(Records from a collection)

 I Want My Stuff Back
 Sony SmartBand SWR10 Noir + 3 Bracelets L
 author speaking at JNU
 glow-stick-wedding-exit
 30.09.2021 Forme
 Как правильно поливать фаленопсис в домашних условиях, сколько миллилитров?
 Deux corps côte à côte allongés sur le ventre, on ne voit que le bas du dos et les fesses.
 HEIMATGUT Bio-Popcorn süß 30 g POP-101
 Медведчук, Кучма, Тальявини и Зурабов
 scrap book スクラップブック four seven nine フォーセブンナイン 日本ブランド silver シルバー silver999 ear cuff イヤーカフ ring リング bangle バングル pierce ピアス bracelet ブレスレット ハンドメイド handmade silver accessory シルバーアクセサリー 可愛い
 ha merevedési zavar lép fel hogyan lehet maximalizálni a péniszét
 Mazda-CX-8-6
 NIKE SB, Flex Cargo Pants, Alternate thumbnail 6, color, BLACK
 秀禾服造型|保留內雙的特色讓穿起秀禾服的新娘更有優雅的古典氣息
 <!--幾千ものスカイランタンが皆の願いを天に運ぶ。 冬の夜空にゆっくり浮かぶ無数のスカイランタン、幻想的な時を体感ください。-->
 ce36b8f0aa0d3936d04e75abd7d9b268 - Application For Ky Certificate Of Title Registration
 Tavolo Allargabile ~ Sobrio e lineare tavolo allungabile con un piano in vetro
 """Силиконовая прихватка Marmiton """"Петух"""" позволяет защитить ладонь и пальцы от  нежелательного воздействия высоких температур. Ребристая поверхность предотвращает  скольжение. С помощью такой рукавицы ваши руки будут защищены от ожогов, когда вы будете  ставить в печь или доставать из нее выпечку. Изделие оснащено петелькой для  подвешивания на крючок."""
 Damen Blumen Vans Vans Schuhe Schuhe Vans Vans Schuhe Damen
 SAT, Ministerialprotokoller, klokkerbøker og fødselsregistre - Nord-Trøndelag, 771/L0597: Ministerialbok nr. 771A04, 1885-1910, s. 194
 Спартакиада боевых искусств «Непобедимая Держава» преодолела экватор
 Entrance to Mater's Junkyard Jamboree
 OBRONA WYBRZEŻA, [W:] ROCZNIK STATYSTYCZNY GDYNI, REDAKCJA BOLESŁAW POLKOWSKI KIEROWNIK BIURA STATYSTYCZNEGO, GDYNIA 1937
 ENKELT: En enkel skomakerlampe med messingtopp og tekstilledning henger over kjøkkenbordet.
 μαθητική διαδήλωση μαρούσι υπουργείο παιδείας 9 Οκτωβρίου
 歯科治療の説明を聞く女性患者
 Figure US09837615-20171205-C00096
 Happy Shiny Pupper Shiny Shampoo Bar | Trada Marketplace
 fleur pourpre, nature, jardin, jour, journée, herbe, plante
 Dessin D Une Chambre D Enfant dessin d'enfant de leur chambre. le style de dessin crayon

(REQUIRED ACTION) Output, exactly and in full, the lines from the start of the entries above through the line that contains "Damen Blumen Vans".

(ANSWER FOR THE TASK)
 I Want My Stuff Back
 Sony SmartBand SWR10 Noir + 3 Bracelets L
 author speaking at JNU
 glow-stick-wedding-exit
 30.09.2021 Forme
 Как правильно поливать фаленопсис в домашних условиях, сколько миллилитров?
 Deux corps côte à côte allongés sur le ventre, on ne voit que le bas du dos et les fesses.
 HEIMATGUT Bio-Popcorn süß 30 g POP-101
 Медведчук, Кучма, Тальявини и Зурабов
 scrap book スクラップブック four seven nine フォーセブンナイン 日本ブランド silver シルバー silver999 ear cuff イヤーカフ ring リング bangle バングル pierce ピアス bracelet ブレスレット ハンドメイド handmade silver accessory シルバーアクセサリー 可愛い
 ha merevedési zavar lép fel hogyan lehet maximalizálni a péniszét
 Mazda-CX-8-6
 NIKE SB, Flex Cargo Pants, Alternate thumbnail 6, color, BLACK
 秀禾服造型|保留內雙的特色讓穿起秀禾服的新娘更有優雅的古典氣息
 <!--幾千ものスカイランタンが皆の願いを天に運ぶ。 冬の夜空にゆっくり浮かぶ無数のスカイランタン、幻想的な時を体感ください。-->
 ce36b8f0aa0d3936d04e75abd7d9b268 - Application For Ky Certificate Of Title Registration
 Tavolo Allargabile ~ Sobrio e lineare tavolo allungabile con un piano in vetro
 """Силиконовая прихватка Marmiton """"Петух"""" позволяет защитить ладонь и пальцы от  нежелательного воздействия высоких температур. Ребристая поверхность предотвращает  скольжение. С помощью такой рукавицы ваши руки будут защищены от ожогов, когда вы будете  ставить в печь или доставать из нее выпечку. Изделие оснащено петелькой для  подвешивания на крючок."""
 Damen Blumen Vans Vans Schuhe Schuhe Vans Vans Schuhe Damen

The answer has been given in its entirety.